A more fun way to run tetrad is using the ipyrad Python API. Here you can access the underlying Class objects in Python or IPython. As you'll see below, this can be particularly nice because ipyrad has some additional tools for downstream analysis of the tetrad results. For example, tetrad saves information that can be used to calculate ABBA-BABA test results. For more information about using the ipyrad API see this tutorial.
If you are using the API then you must have an ipcluster instance started in order to parallelize your code.

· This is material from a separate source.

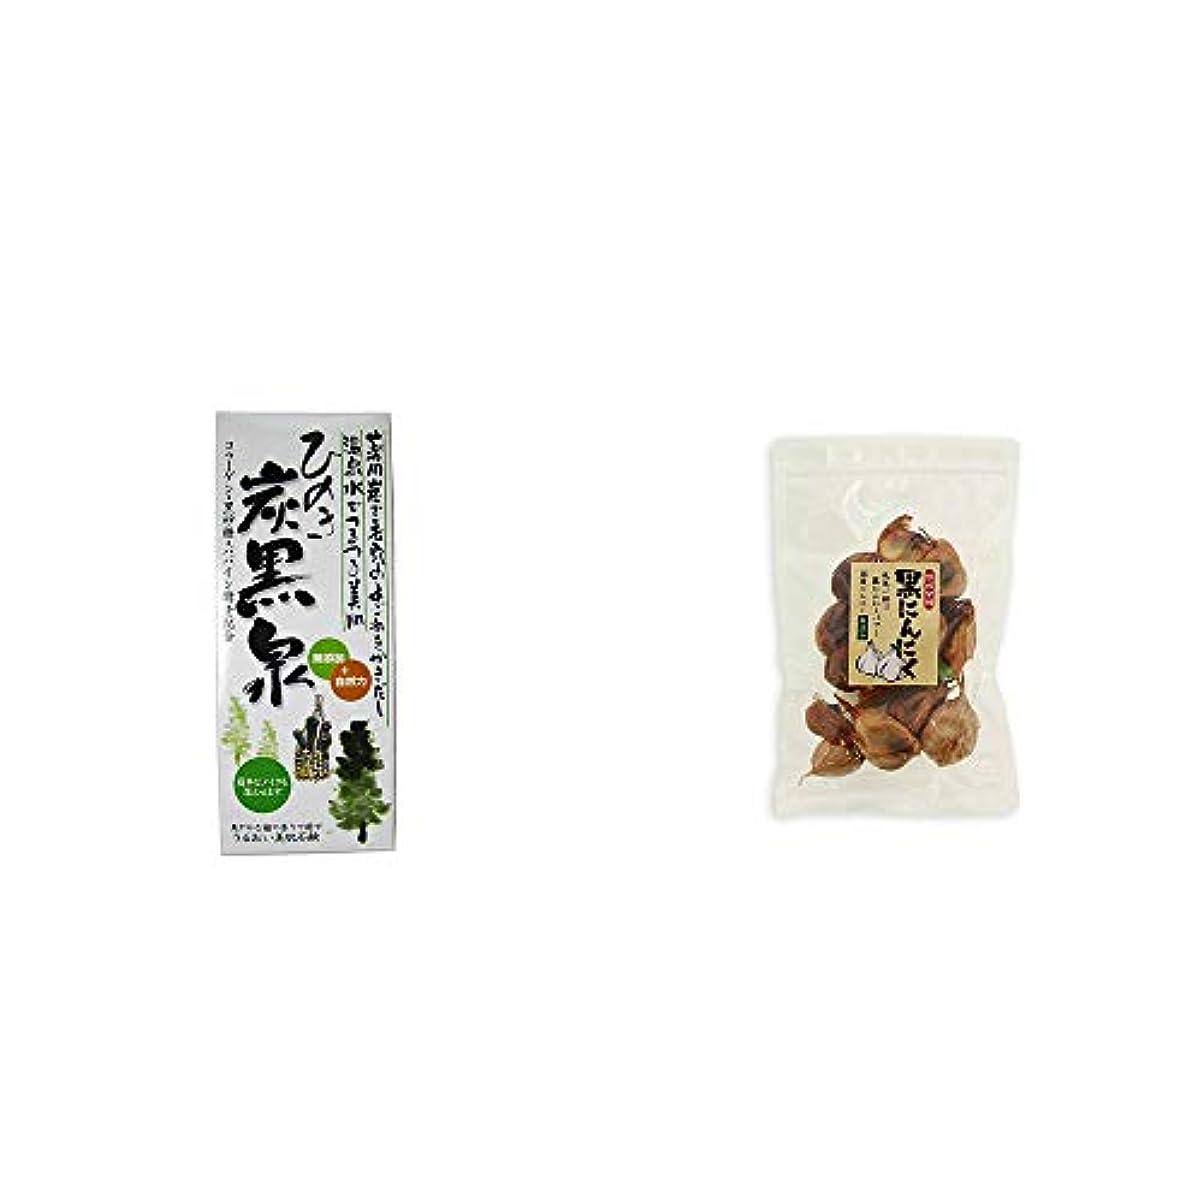 騒ぎ流行継続中[2点セット] ひのき炭黒泉 箱入り(75g×3)?熟成発酵 黒にんにく(120g)

This can be started locally by opening a separate terminal and running (ipcluster start -n=10
) to start 10 engines. Or, to run your code on a remote cluster set up your ipcluster instance following this tutorial.
> from ipyrad.analysis.tetrad import Tetrad
## Create a Quartet Class object and enter default params
> data = Tetrad(name="api2",
wdir="testdir",
mapfile="pedicularis/pedic_outfiles/pedic.snps.map",
seqfile="pedicularis/pedic_outfiles/pedic.snps.phy")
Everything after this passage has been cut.